Calculate Forest stands by Forest Stands
Functional Overview
Calculate forest stands by forest stands for each point cloud data,can calculate many kinds of forest metrics.The metrics include Elevation Metrics, Intensity Metrics, Canopy Cover, Leaf Area Index, and Gap Fraction. For each point cloud data, a record will be generated and stored in a CSV file.
Usage
Click ALS Forest > Forest Metrics > Calculate Forest Metrics by Forest Stands to generate the selected forest metrics.
Parameters Settings
- Input data: Ensure that each input point cloud data is normalized; the input file can be a single data file or a point cloud data set; the file(s) to be processed must be opened in the LiDAR360 software.
- Height Break (meter) (default value is "2"): The threshold to divide the data in vertical direction. The point cloud above this height will be used to calculate the forest metrics. The default value is 2m.
- Extinction Coefficient (default "0.5"): A mathematical expression of leaf probability distribution in three-dimensional space, which is related to vegetation type, leaf angle, and beam direction. According to the empirical formula, the user can determine the value of leaf angle distribution according to the actual situation of the forest. Studies have shown that the elliptic distribution of leaf angle, which has a leaf angle distribution value of 0.5, may be applicable to the actual situation.
- Output Path: Output path. After running, each input point cloud data file will generate a corresponding CSV file or a set of TIFF files, which can be used as independent variables in regression analysis.
- Default: Restore the height threshold and leaf inclination angle distribution to the default values.
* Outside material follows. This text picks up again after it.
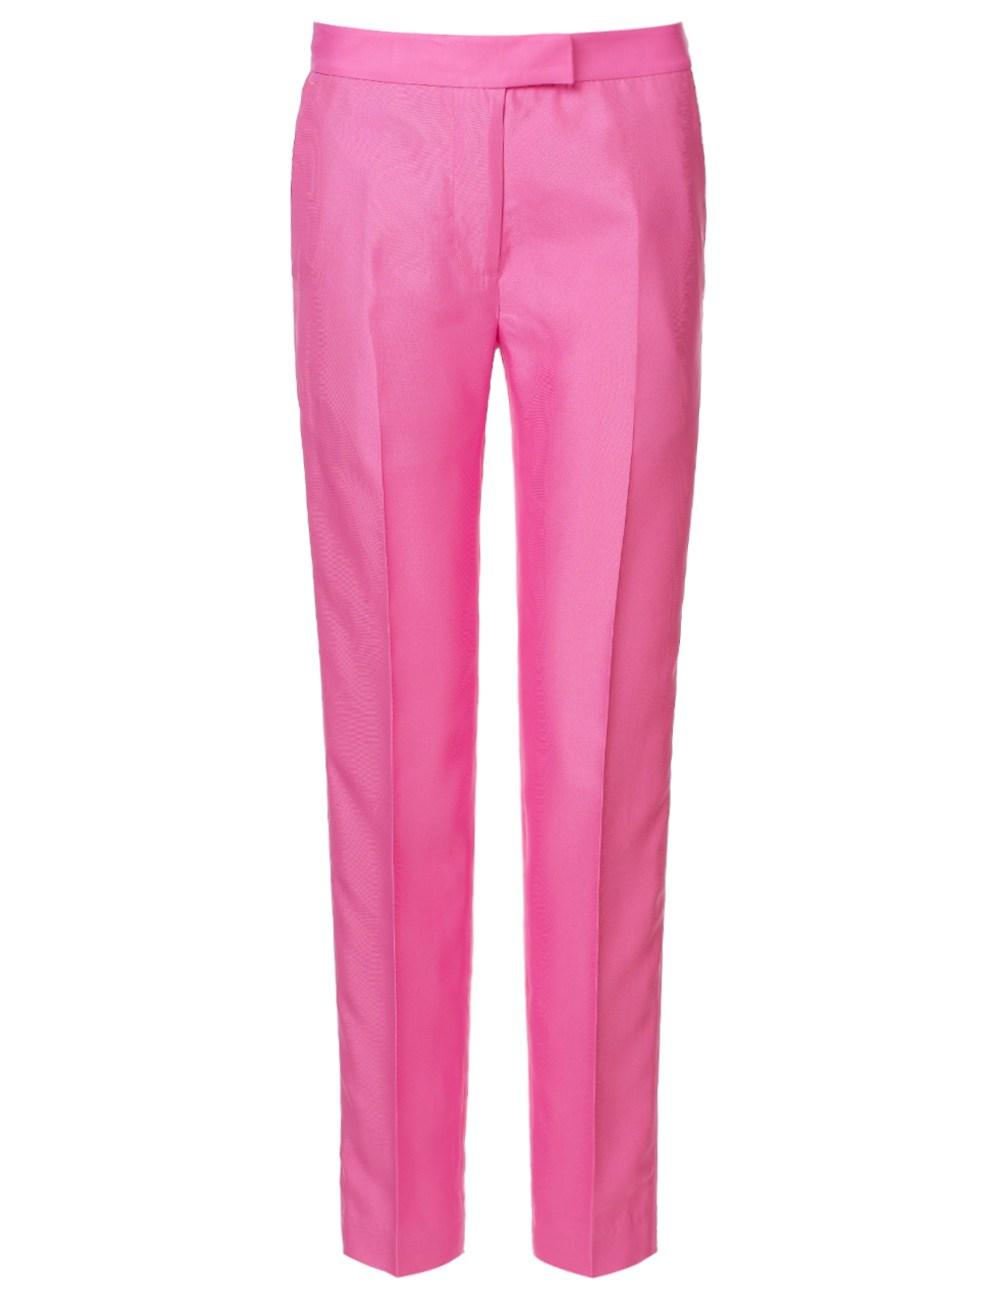 Peony Stripe Tuxedo Trousers | 3.1 Phillip Lim | Avenue32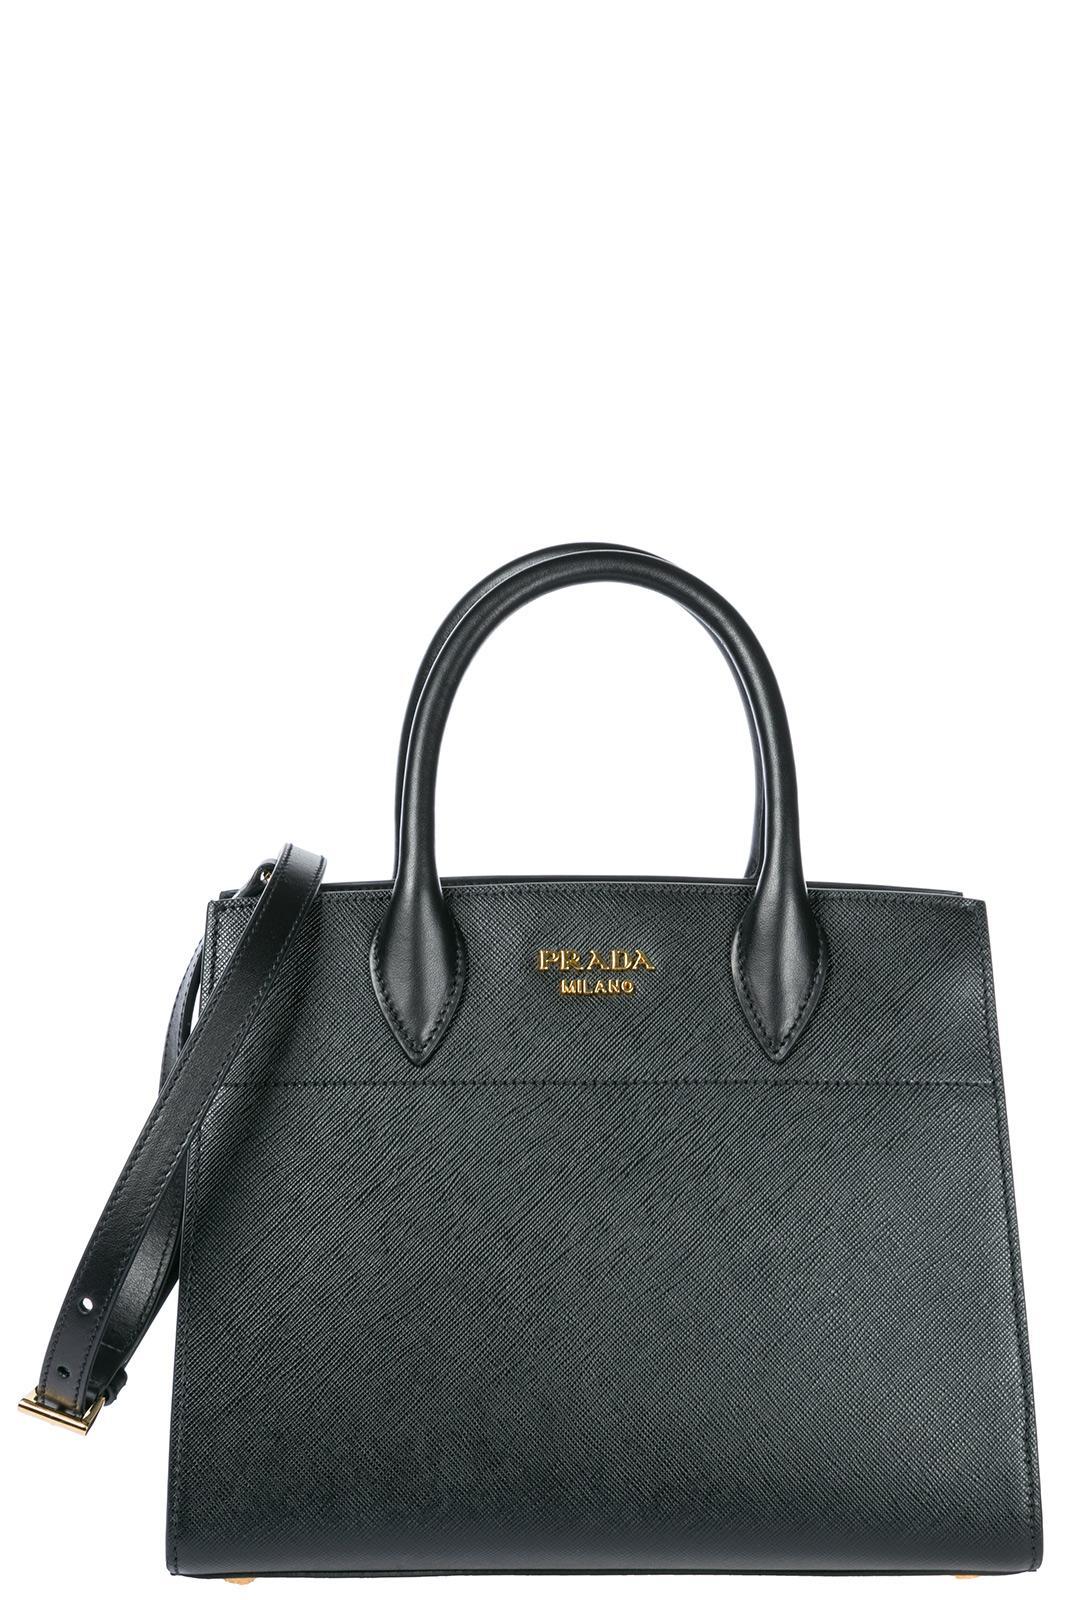 Prada Women's Handbag Cross-body Messenger Bag Purse In Black

Note: Only when the point cloud data is loaded in the software can you use the Elevation Metrics function; otherwise, the message "There is no point cloud data meeting the conditions of calculation!" will pop up. If the maximum Z value of the point cloud is greater than 200 or the maximum Z minus the minimum Z is greater than 200, the data is considered to be unnormalized, and the software will pop up the prompt message shown in the figure below, click "YES", this type of data Still participating in the calculation, click "NO", this type of data will not participate in the calculation, and the user can re-select the data that meets the conditions.